An output signal is provided based on a result of the object tracking (step 54) in order to provide assistance to a driver of the vehicle. For example, the processor 32 may provide an output signal to a vehicle system, or safety application. Based on the objects tracked and classified, one or more safety applications may be enabled (step 56). The safety applications activated may be various types of applications for assisting the driver. Examples of such applications may include a forward collision warning (FCW) system, an automatic emergency braking (AEB) system, an adaptive cruise control (ACC) system, and a child back-over protection (CBP) system. In further embodiments, other safety applications or other applications may be enabled based on the object tracking and classification.
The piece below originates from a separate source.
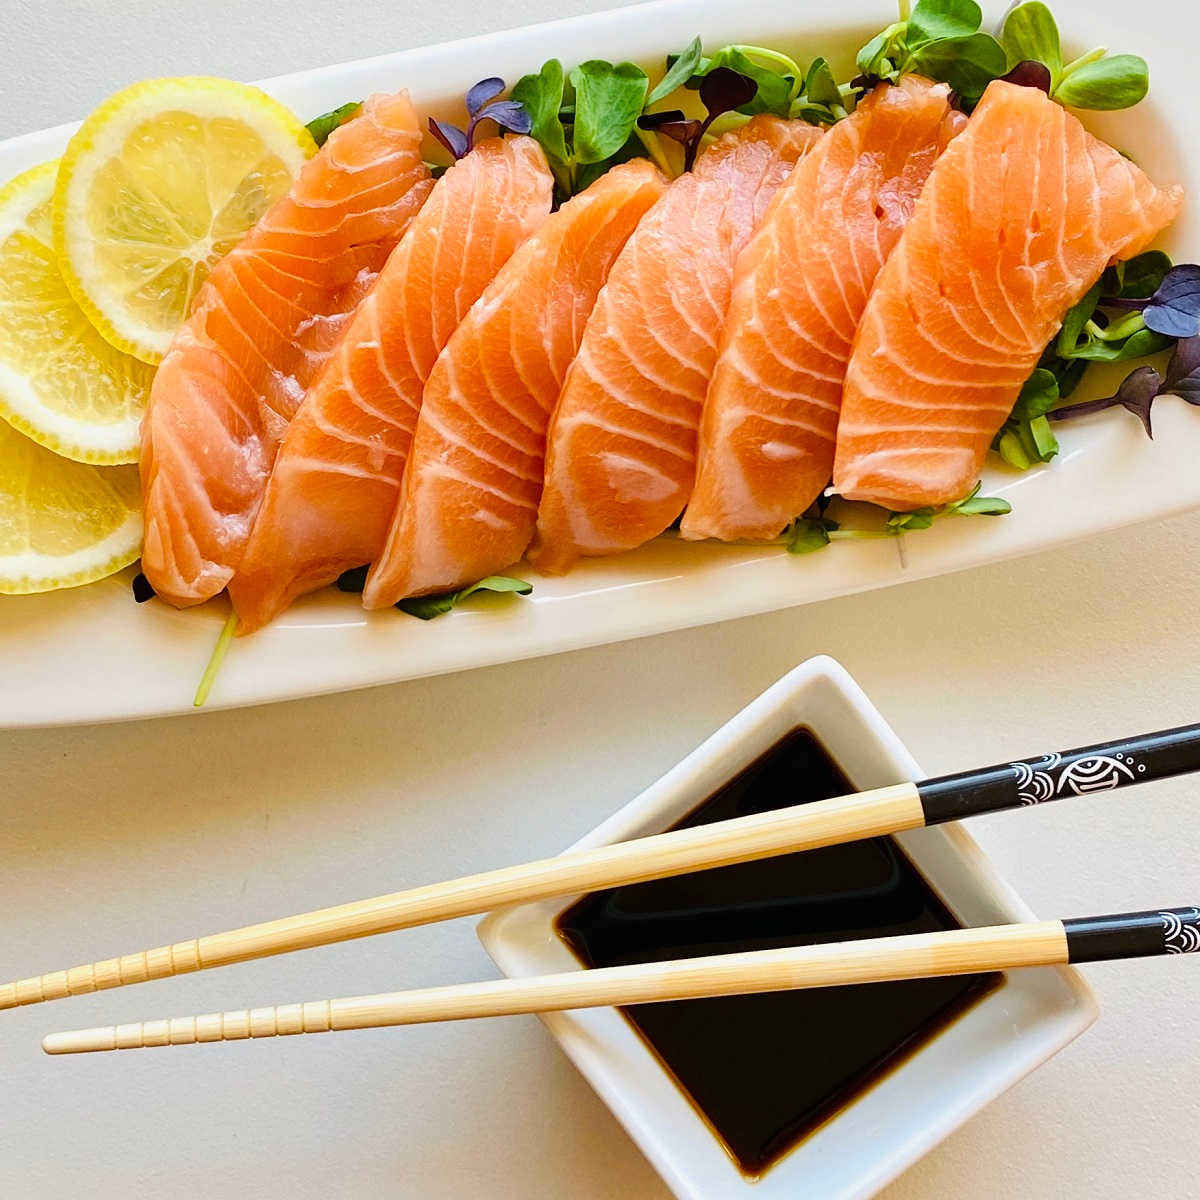 Sashimi cá hồi, món ngon từ cá hồi được nhiều người ưa thích.

In further embodiments, the output signal may be relayed to the driver of the vehicle, such as with a display (e.g., center stack display, dashboard display, heads-up display, etc.) and/or an audio, tactile, or visual alarm device.

Referring to FIG. 4, a graph 60 illustrating the quantum efficiency of InGaAr is shown at various wavelengths. Sensing in the SWIR band provides an advantage over sensing in the human-visible band with cameras constructed from Silicone Oxides. Particularly, SWIR cameras constructed from InGaAs can operate better at night due to their high quantum efficiency (as illustrated in the graph of FIG. 4), nearly 100% pixel fill factor, and extremely low noise in the readout circuitry. The pixel fill factor refers to the percentage of a photo-site (a pixel on an image sensor) that is sensitive to light over a particular wavelength interval. When the fill factor is lower, the sensor is less sensitive during low-light conditions. CMOS (Complementary Metal Oxide Semiconductor) cameras require circuitry at each photo-site to filter noise and perform other functions. These cameras typically have a maximum pixel fill factor of 50%.

Referring now to FIG. 5, an exemplary left camera image 70, right camera image 72 and stereo range map 74 are shown. The exemplary left camera image 70 and right camera image are provided by SWIR cameras constructed of InGaAs. The cameras were operated passively without supplemental or active illumination. Cameras constructed from InGaAs benefit from an atmospheric phenomenon called night sky irradiance or night glow. Night sky irradiance is an emission of low light in the upper atmosphere caused by the recombination of particles photo ionized by the sun, luminescence from cosmic rays striking the upper atmosphere, and chemo luminescence caused by oxygen and nitrogen reacting with hydroxyl ions. This offers the possibility to successfully operate cameras constructed from InGaAs at night, passively without supplemental or active illumination. Night sky irradiance is present in the SWIR band where InGaAs cameras reach peak efficiency. Night sky irradiance is not detectable in the human-visible band or by cameras constructed from Silicone Oxides.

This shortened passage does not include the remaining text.